■ Action item
Transcribe only the stretch of lines that opens with the line containing "Besides physical care" and closes with the last line of the listing, skipping pictures.

■ Data shown
►
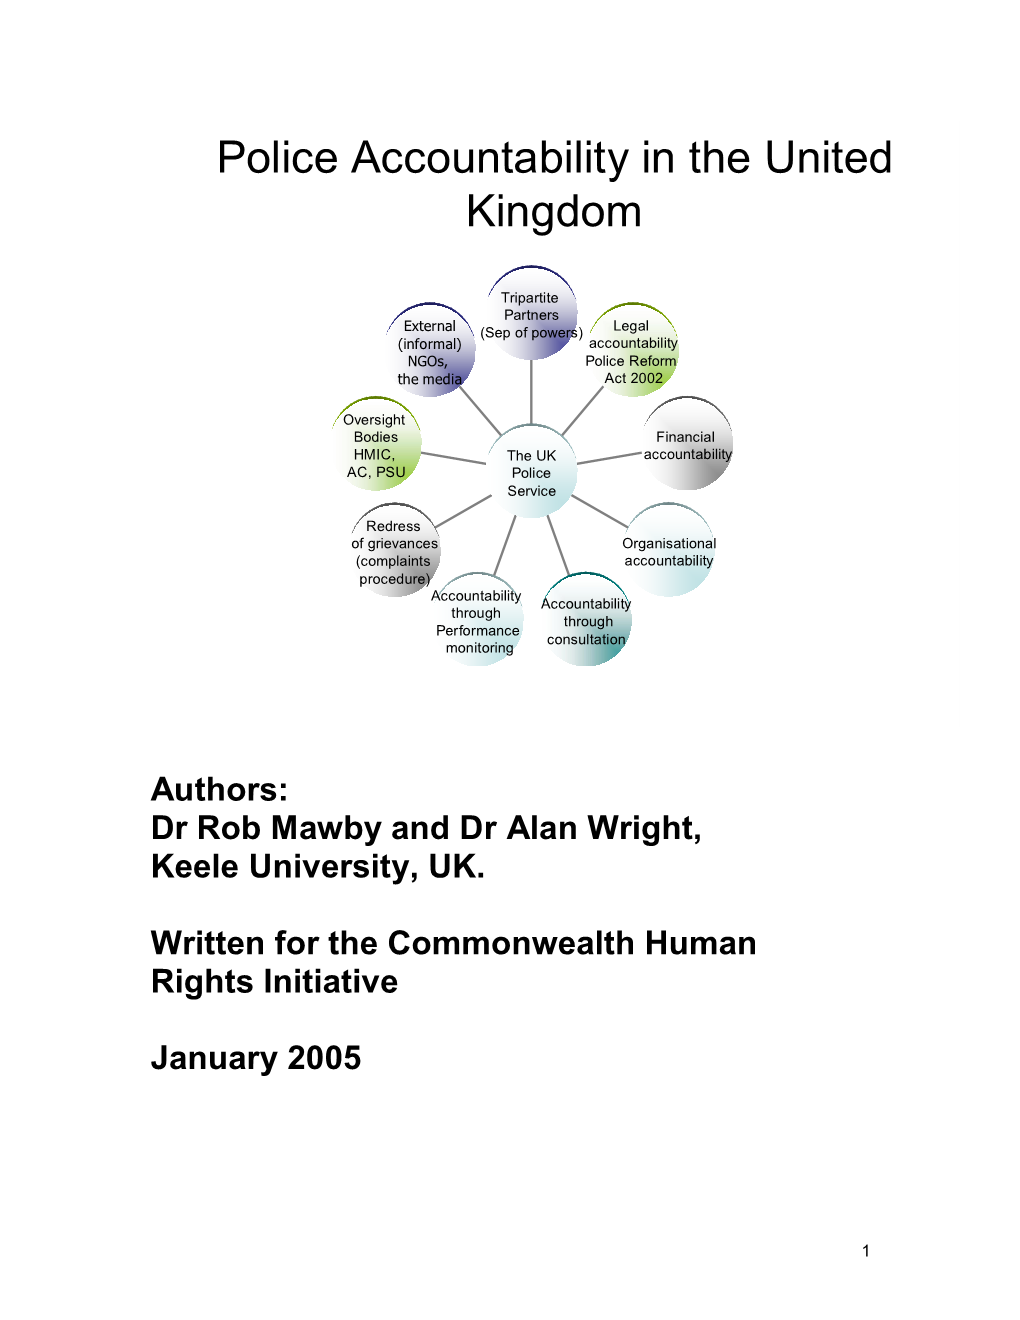 Police Accountability in the United Kingdom
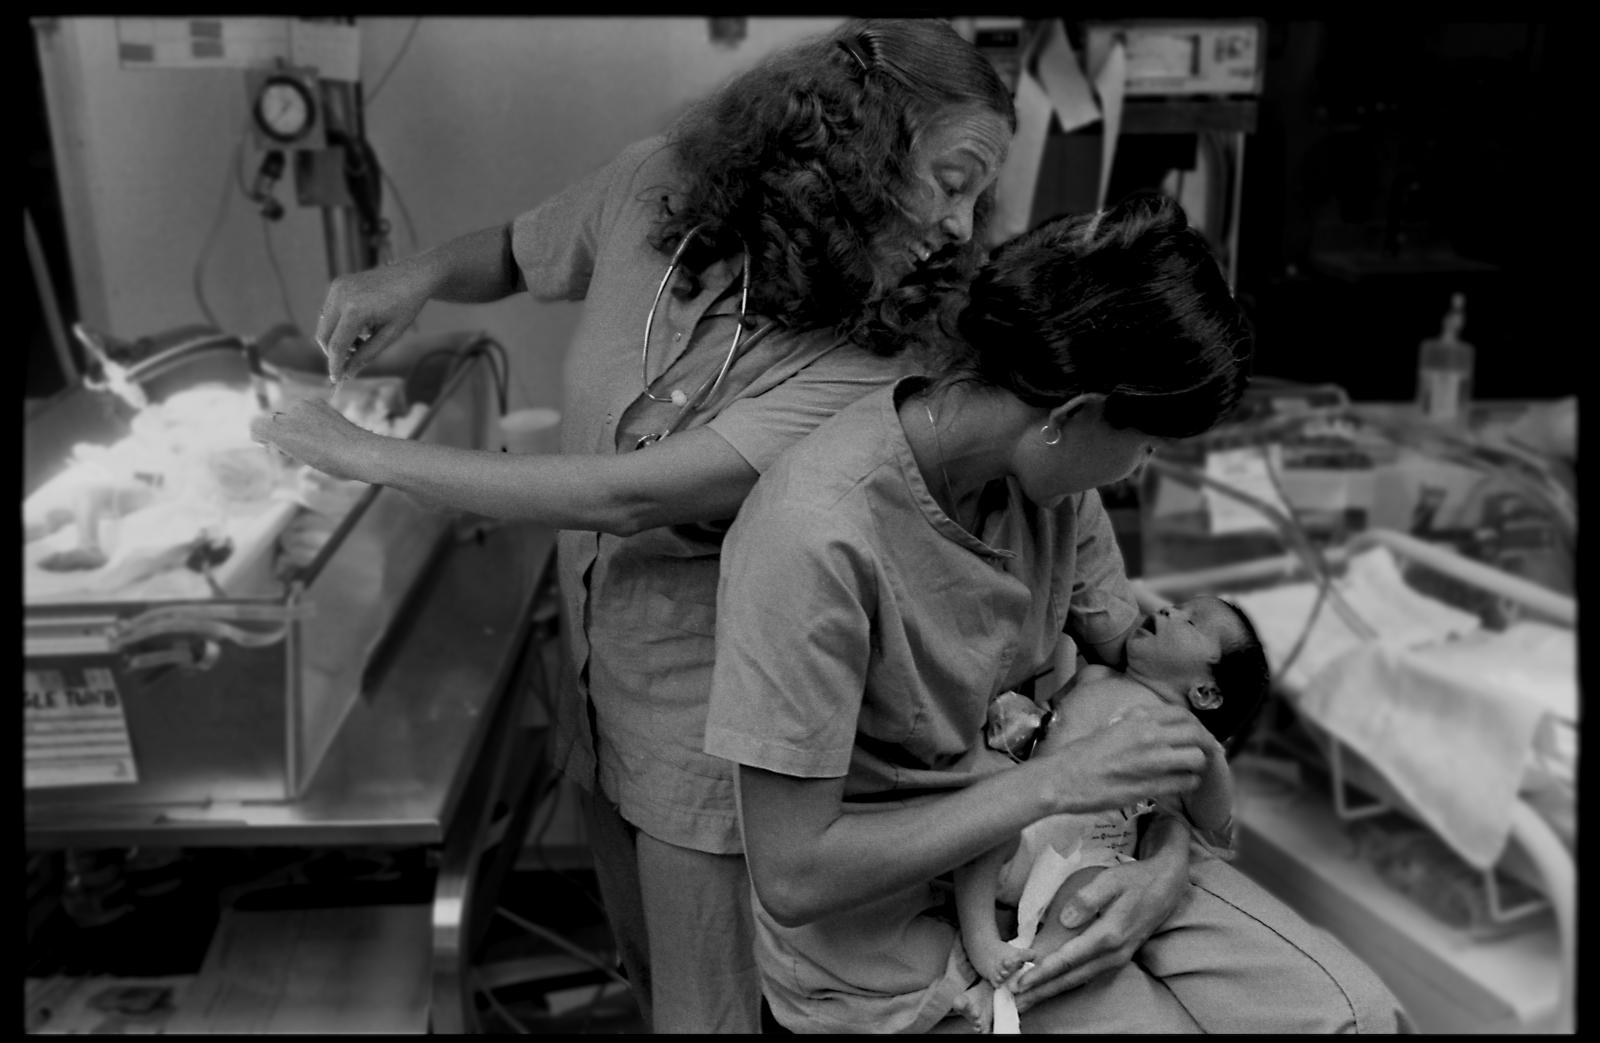 Besides physical care giving, nurses on Neonatal Intensive Care Unit (NICU) often show tenderness. University of Arizona Health Science Center NICU. Tucson, AZ, USA.
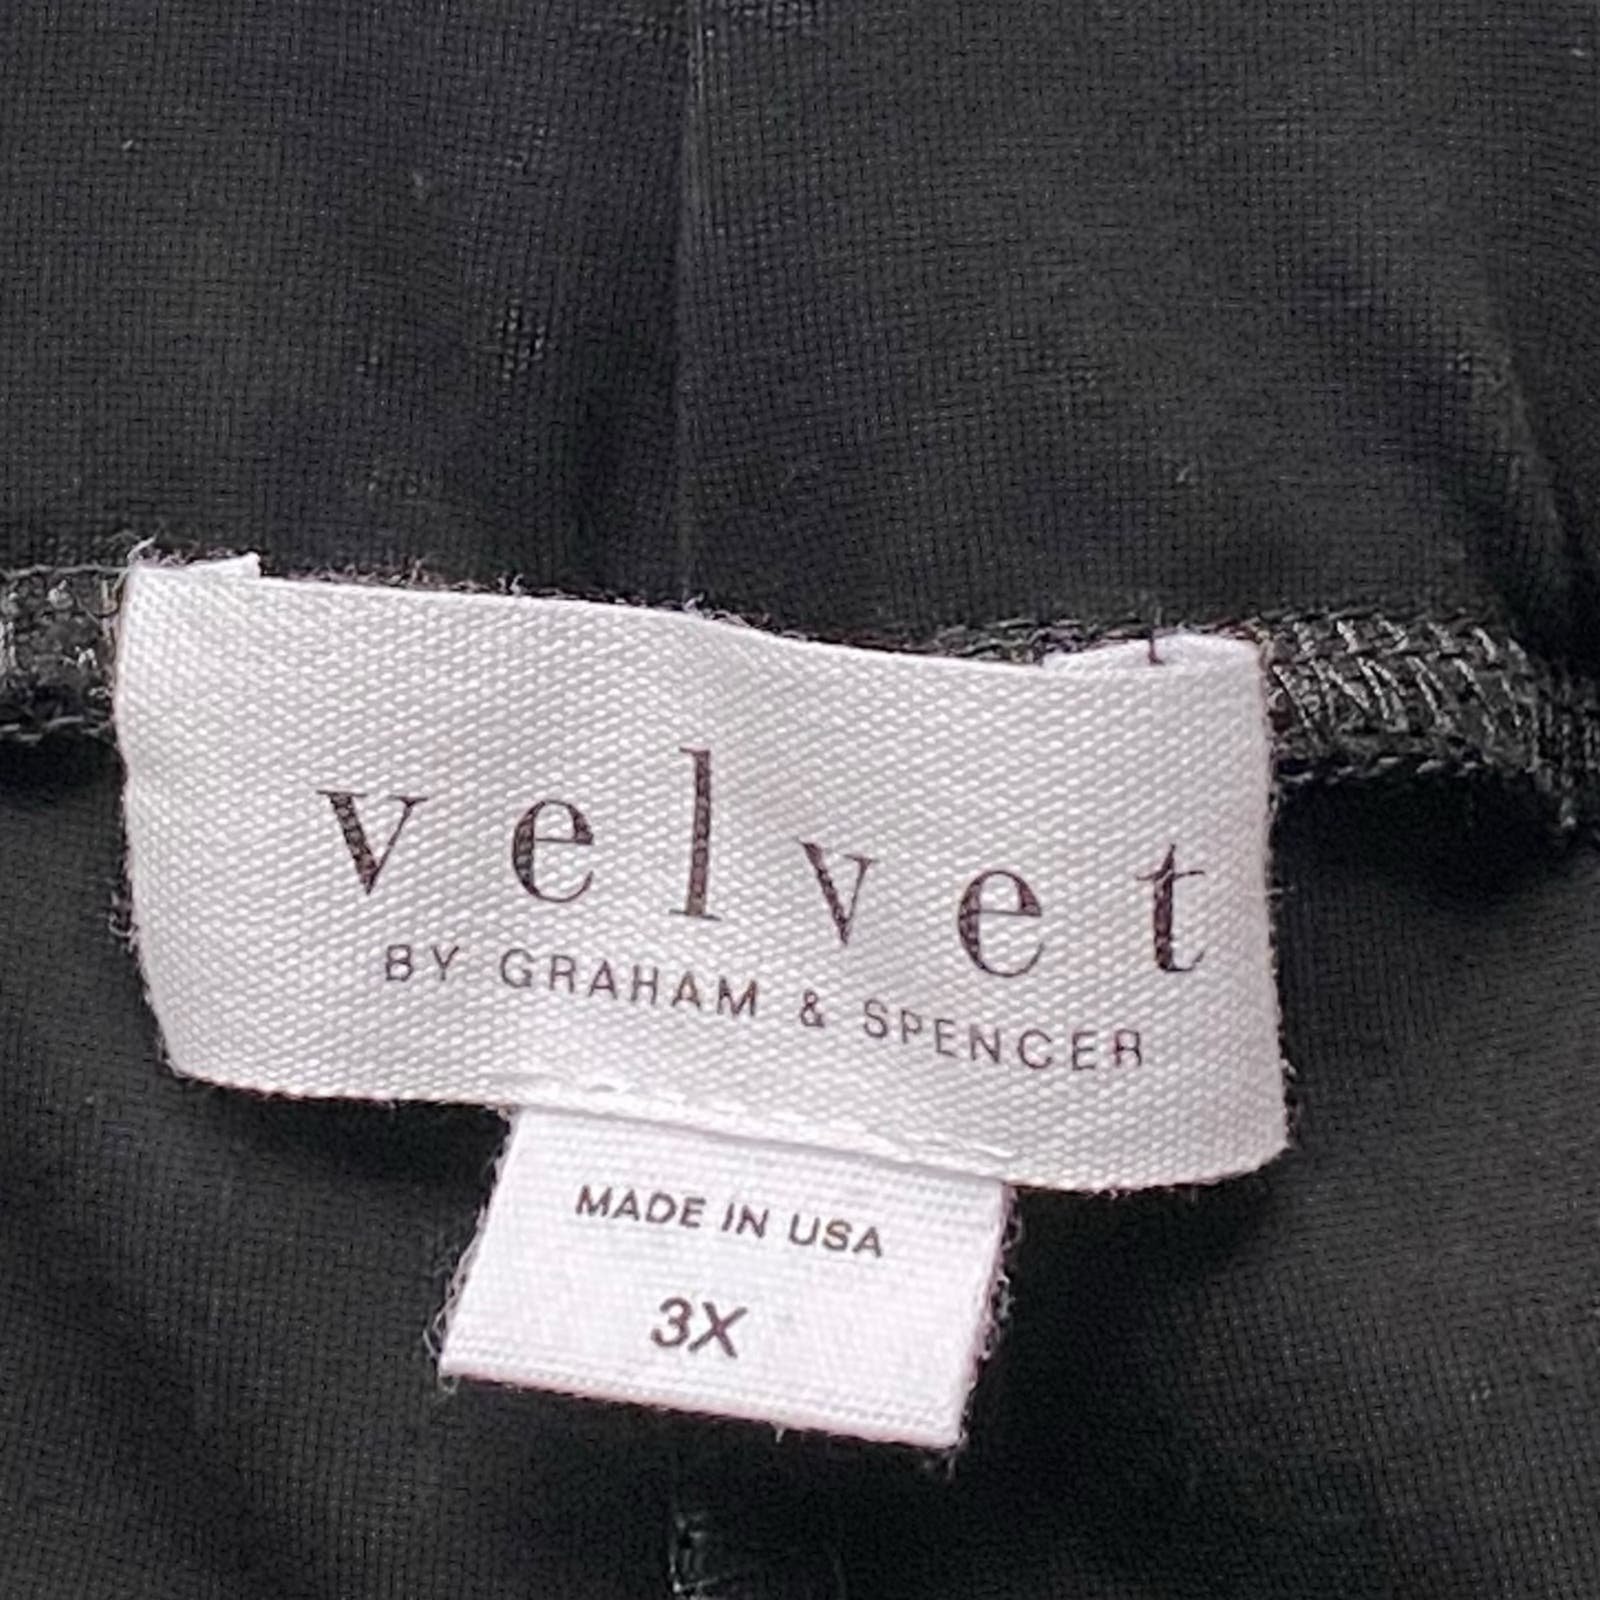 the Lowest price NWT Velvet By Graham & Spencer Monterey Pant Black Size 3X LqJQrf5s0 Low Price
◄
■ Task response
 Besides physical care giving, nurses on Neonatal Intensive Care Unit (NICU) often show tenderness. University of Arizona Health Science Center NICU. Tucson, AZ, USA.
 the Lowest price NWT Velvet By Graham & Spencer Monterey Pant Black Size 3X LqJQrf5s0 Low Price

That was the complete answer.